Wasser und Strom sind an den Sportbootstegen üblich, doch Anschlusswerte und Ausstattung jedes Platzes werden nicht vollständig in einer aktuellen öffentlichen Serviceliste beschrieben. Gleiches gilt für den Sanitär-Bereich mit Duschen und Toiletten. Zugang, Öffnungszeiten und mögliche Schlüsselregelung erteilt das Hafenbüro. Der Ortskern mit Lebensmitteln und Gastronomie beginnt direkt am Hafen.

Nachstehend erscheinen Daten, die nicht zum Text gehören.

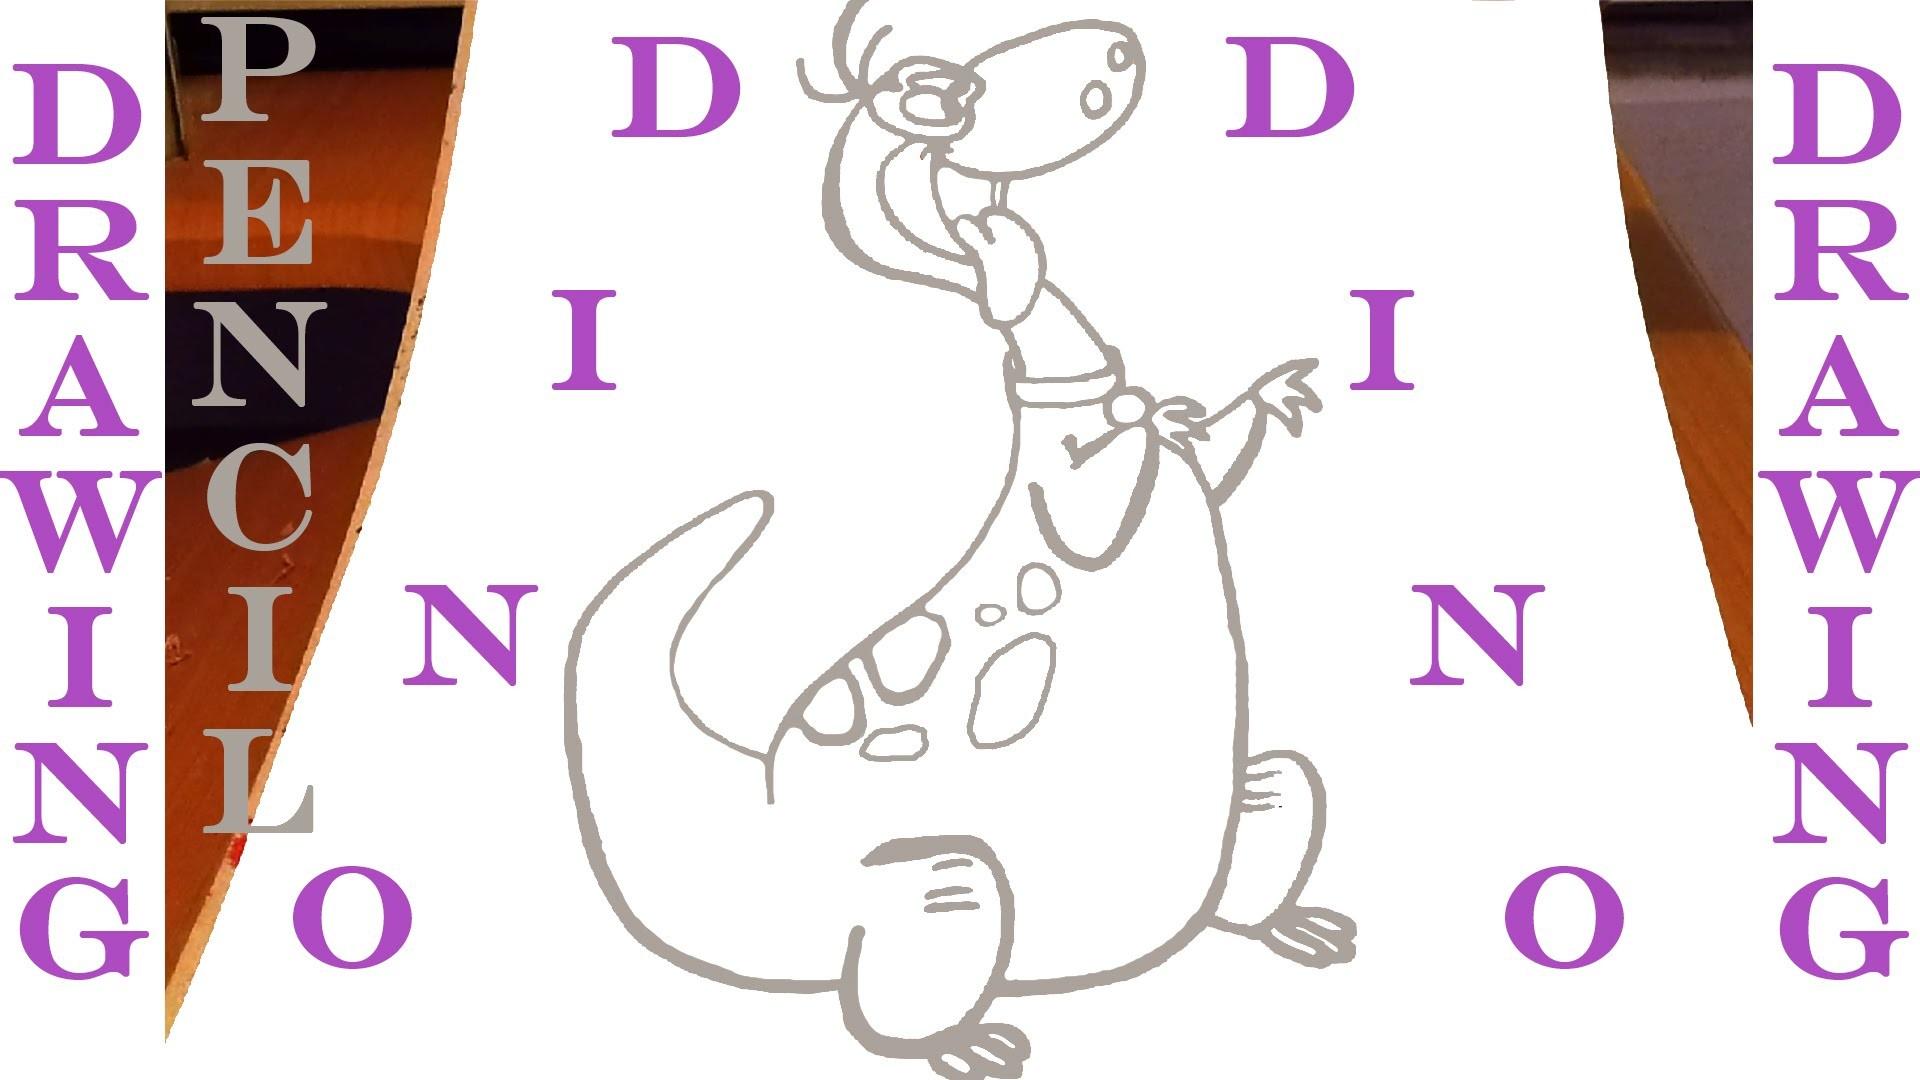 How to draw a Dinosaur DINO Easy - The Flintstones - Cartoon Network   PENCIL   SPEEDY

Eine Tankstelle beziehungsweise Kraftstoffversorgung ist im Hafenbereich dokumentiert; aktuelle Sorten, Betriebszeiten und Zufahrt müssen vor der Ankunft geprüft werden. Eine jederzeit verfügbare feste Pumpe für Schwarz-, Grau- oder Bilgenwasser ist in den aktuellen öffentlichen Angaben nicht eindeutig bestätigt. Entsorgung und Annahme von Altöl oder technischen Abfällen müssen daher mit dem Personal abgestimmt werden.
Für kleinere Arbeiten gibt es eine technische Hafenfläche und örtliche nautische Betriebe. Eine belastbare aktuelle Traglast von Travelift oder Kran ist öffentlich nicht klar ausgewiesen. Heben, Landlager und Reparaturen sind deshalb nur nach individueller Termin- und Maßbestätigung einzuplanen. Parkraum im kompakten Ort ist begrenzt und wird im Sommer auch von Strand- und Wanderbesuchern genutzt.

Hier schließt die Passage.